I'm going to try my first BBB today. The butt chuncks have been in the cure for 10 days. Going to rinse & pan fry to test for the salt level. Going to hot smoke it until 150 like Pops & his sons did. The questions I have is on the Pellicle. Now I have read up on it & understand it, but is it nessecary?


----------



## pops6927 (Mar 25, 2012)

I don't wait for it, I hang in my smokehouse and start it right up.  It will dry while it's heating and have never had a problem getting smoke onto or in to the meat.  I have hung the night before and started up in the morning when it's 40° or lower out, and didn't see a difference.  At the store we'd hang and start right up immediately, unless we hung the night before and carried over until morning to start up, but it was not a visible difference..


----------



## realtorterry (Mar 25, 2012)

Thanks Pops your the man.   
	

	
	
		
		



		
			






I actually used your brine & using your post from your sons BBB. I have three chunks. I think I'm going to use pure mape sryup on one, straight CBP on the other & garlic/onion powder on the last. Im going to go fire up the smoker now!


----------



## chefrob (Mar 26, 2012)

Pops6927 said:


> I don't wait for it, I hang in my smokehouse and start it right up.  It will dry while it's heating and have never had a problem getting smoke onto or in to the meat.

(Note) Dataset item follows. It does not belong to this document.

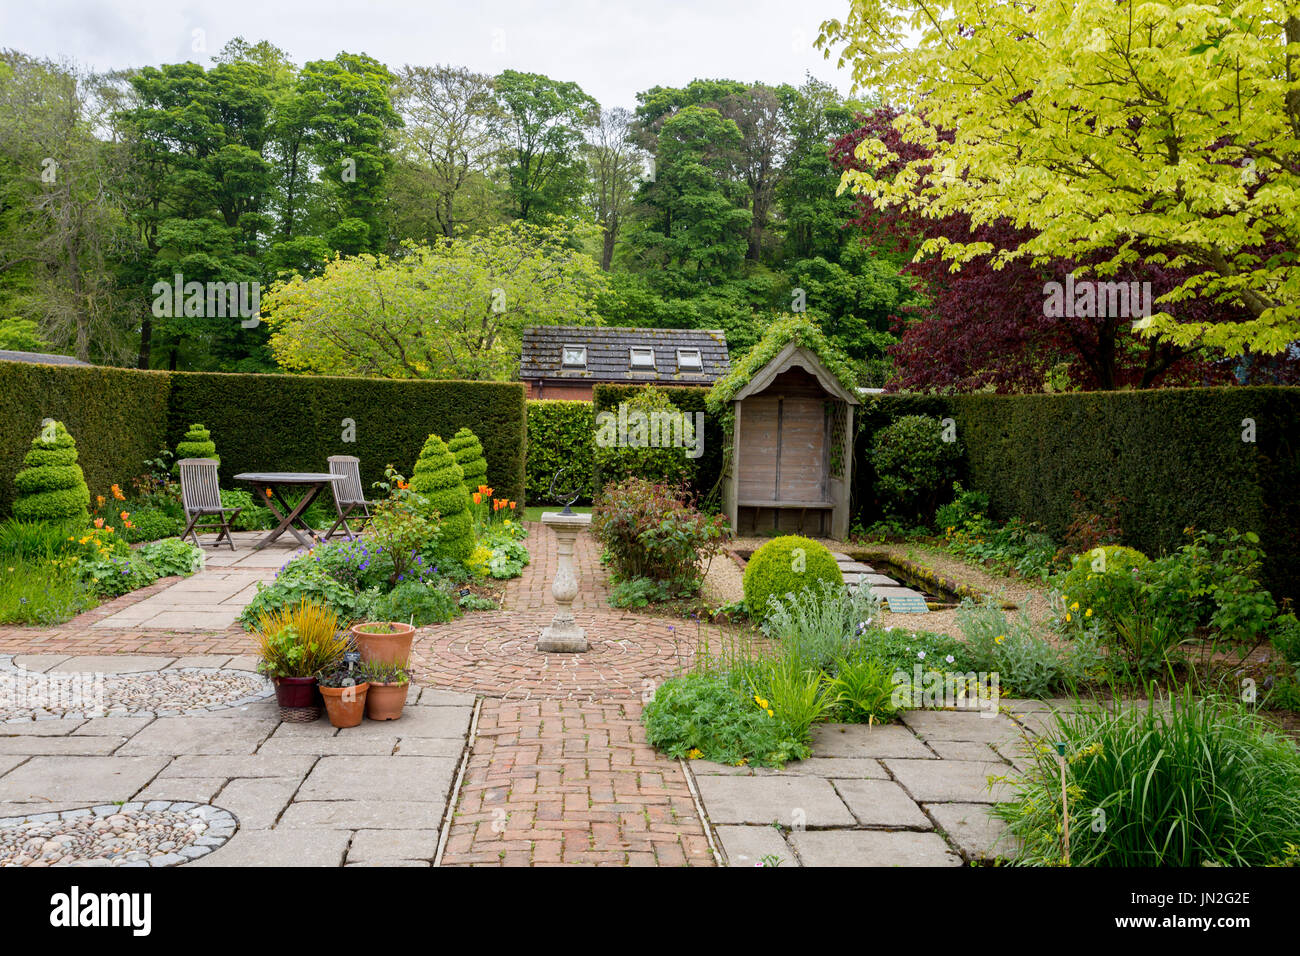 El patio del jardín en el Barnsdale jardines donde el difunto Geoff Hamilton filmó "jardineros World' para la BBC nr Oakham, Rutland, Inglaterra, Reino Unido. Foto de stock
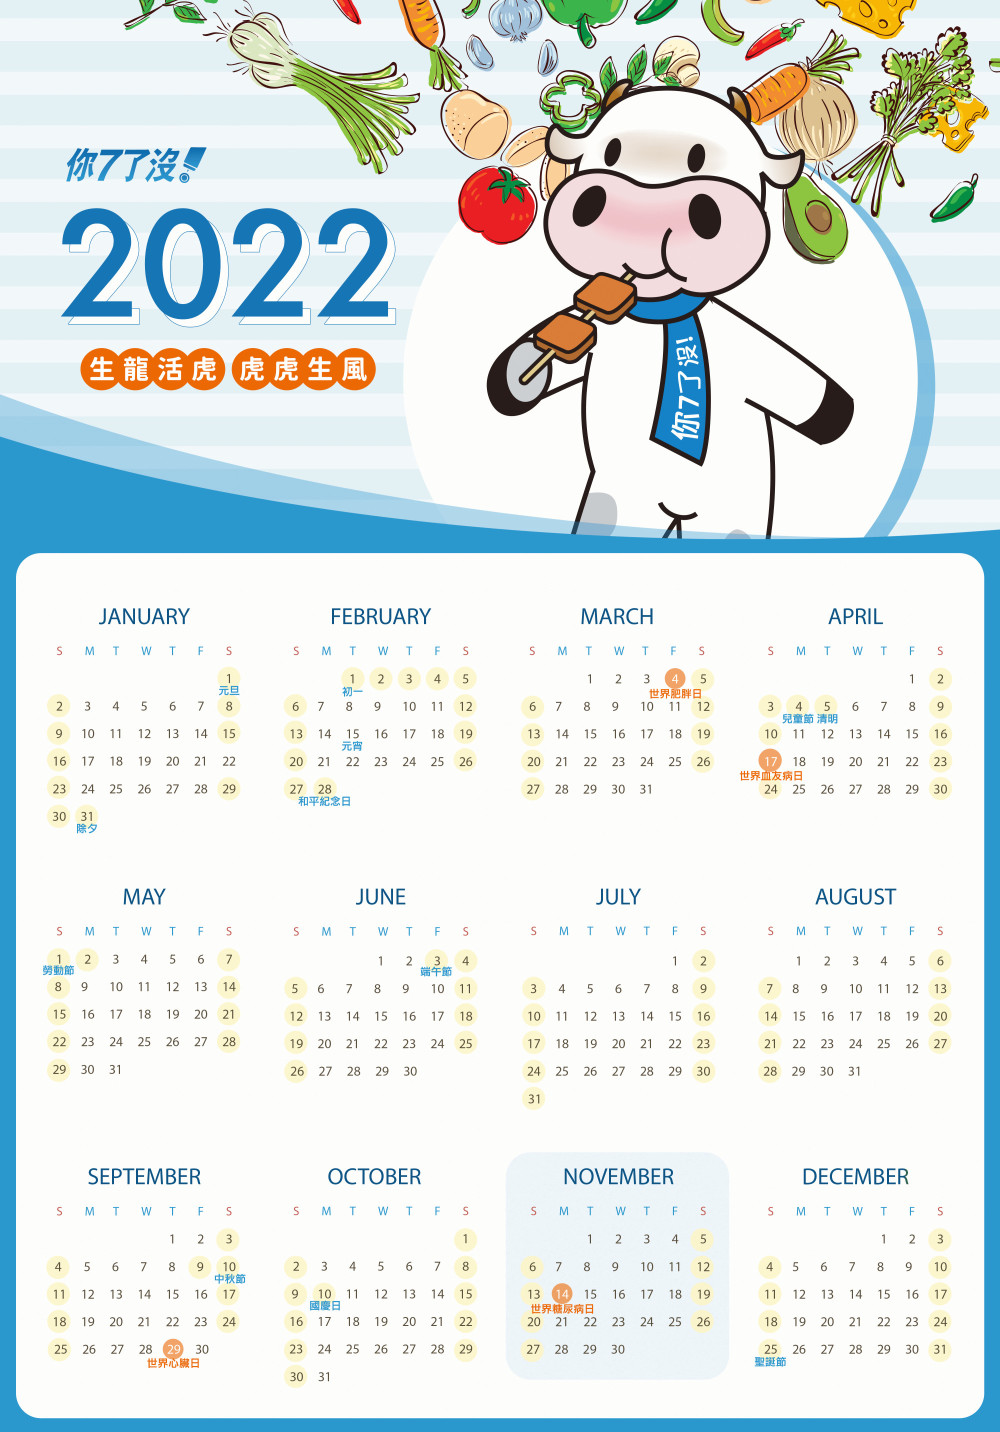 阿諾牛祝所有糖友2022新年快樂～快來下載糖友專屬年曆

 pops, i have never really waited either and i have no problem getting any smoke in the meat as well. my question is do you think it is because of our locations with the temp/RH? not what the RH is where your at but here it is bone dry so moisture never really hangs out much here.


----------



## poopypuss (Apr 30, 2012)

I'm a rookie compared to a lot of other members, I've barely done 100 lbs of bacon, but I have rushed it in the past, and taking a couple hours to let a nice pectile develop does make a significant difference...


----------



## chef jimmyj (Apr 30, 2012)

On Fish I see a difference because of the short smoke time, it's prettier with a pellicle. With Bacon when I didn't dry a bit it got a little Streaky. Tasted great but it was not as pretty as the one with a Pellicle. Anything I rub goes right in..JJ


----------